1. Sur le rappel du cadre juridique
La loi n° 2023-973 du 23 octobre 2023 relative à l’industrie verte a introduit un article L. 300-6-2 nouveau au sein du code de l’urbanisme, ayant pour objet de créer une procédure exceptionnelle simplifiée pour les projets industriels qualifiés de « projets d’intérêt national majeur ».
Au sens du I. de cet article, peut être qualifié comme tel, par décret, « un projet industriel qui revêt, eu égard à son objet et à son envergure, notamment en termes d’investissement et d’emploi, une importance particulière pour la transition écologique ou la souveraineté nationale ».
Ces projets bénéficient alors de procédures simplifiées, « dont la mise en compatibilité plus rapide des documents locaux d’urbanisme et ceux de planification régionale, la délivrance du permis de construire par l’Etat et des facilités pour le raccordement électrique » 1)Compte-rendu du Conseil des ministres du 16 mai 2023 sur le projet de loi relatif à l’industrie verte..
En outre, et en application de l’alinéa 2 de l’article L. 411-2-1 du code de l’environnement dans sa rédaction en vigueur à la date du décret attaqué (devenu depuis son 3e alinéa, à la suite de la loi n° 2025-391 du 30 avril 2025 dite DDAUE), ce décret peut également « lui reconnaître le caractère de projet répondant à une raison impérative d’intérêt public majeur au sens du c du 4° du I de l’article L. 411-2 du présent code ».

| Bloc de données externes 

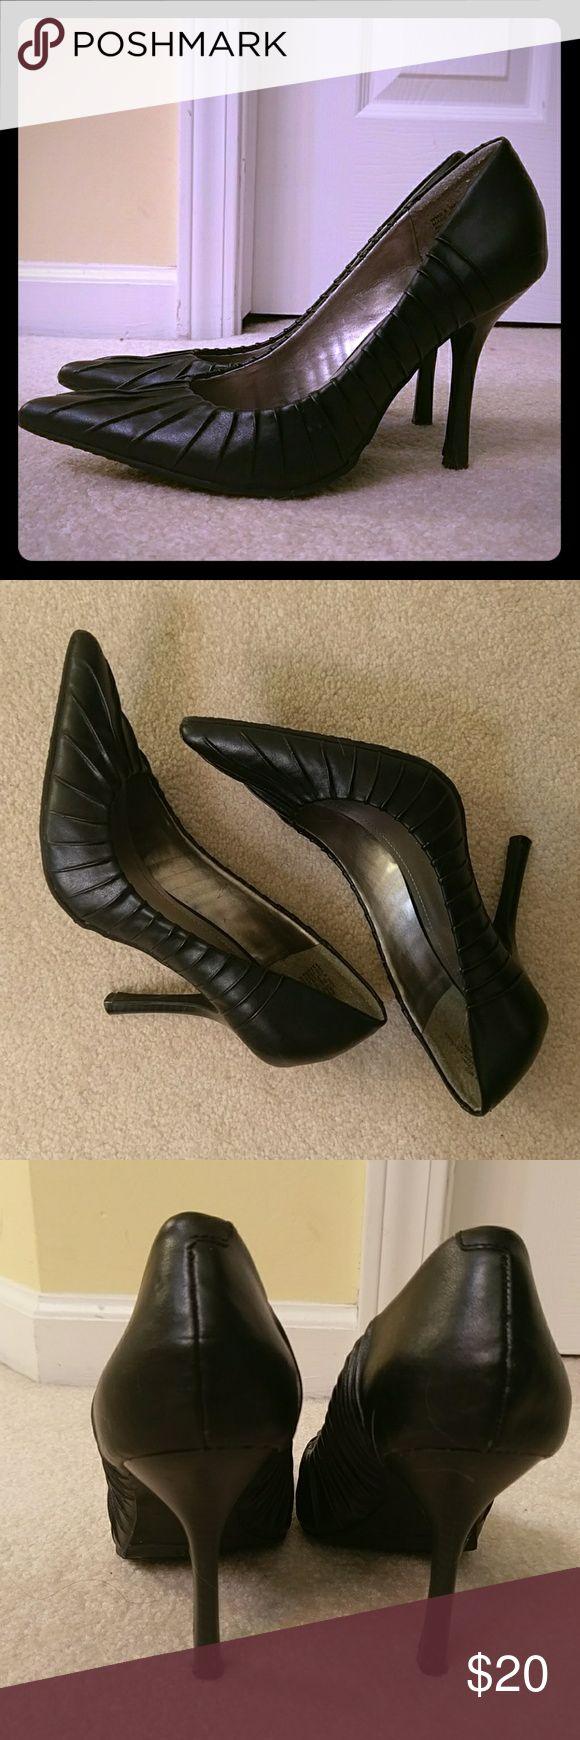 Sexy heels Approx 4.5 inch heel. In great condition. Elle Shoes Heels
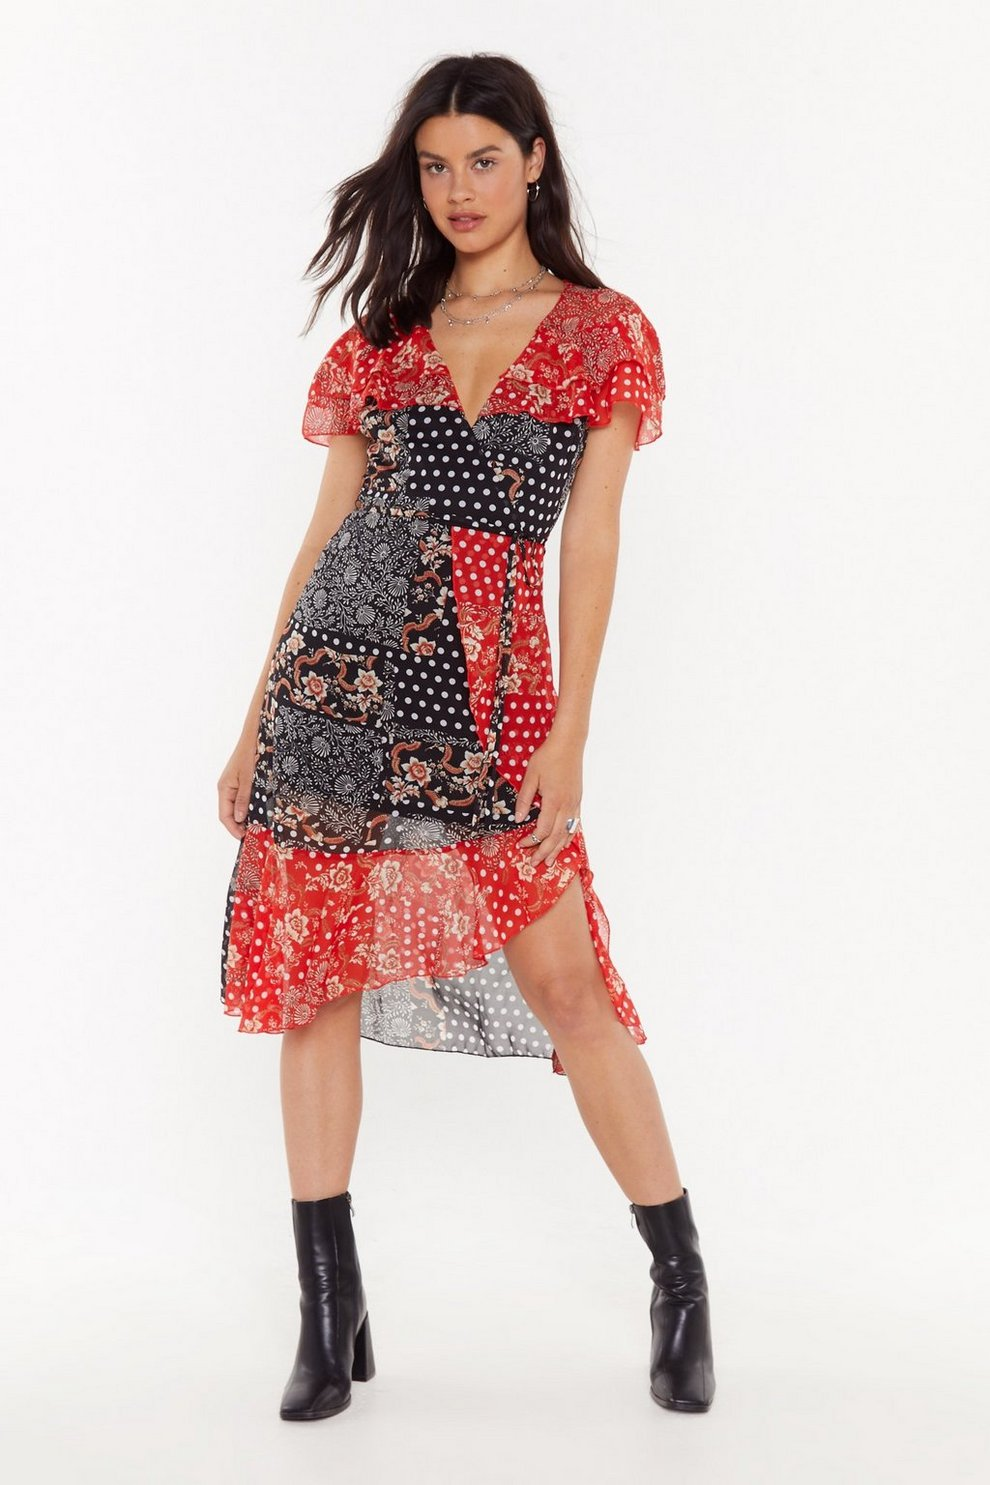 2b8174ac943b Don't Patch Feelings Mixed Print Midi Dress | Shop Clothes at Nasty Gal!

Cette seconde qualification permet de répondre à l’un des critères cumulatifs devant être satisfaits pour bénéficier d’un régime dérogatoire à la réglementation relative aux espèces protégées 2) L. 411-2 4° c) du code de l’environnement. L’un des trois critères cumulatifs tient en effet à ce que la dérogation aux protections dont bénéficient certaines espèces animales ou végétales soit justifiée par l’un des motifs limitativement énuméré par le texte, lequel prévoit notamment l’octroi de dérogations « Dans l’intérêt de la santé et de la sécurité publiques ou pour d’autres raisons impératives d’intérêt public majeur, y compris de nature sociale ou économique, et pour des motifs qui comporteraient des conséquences bénéfiques primordiales pour l’environnement »..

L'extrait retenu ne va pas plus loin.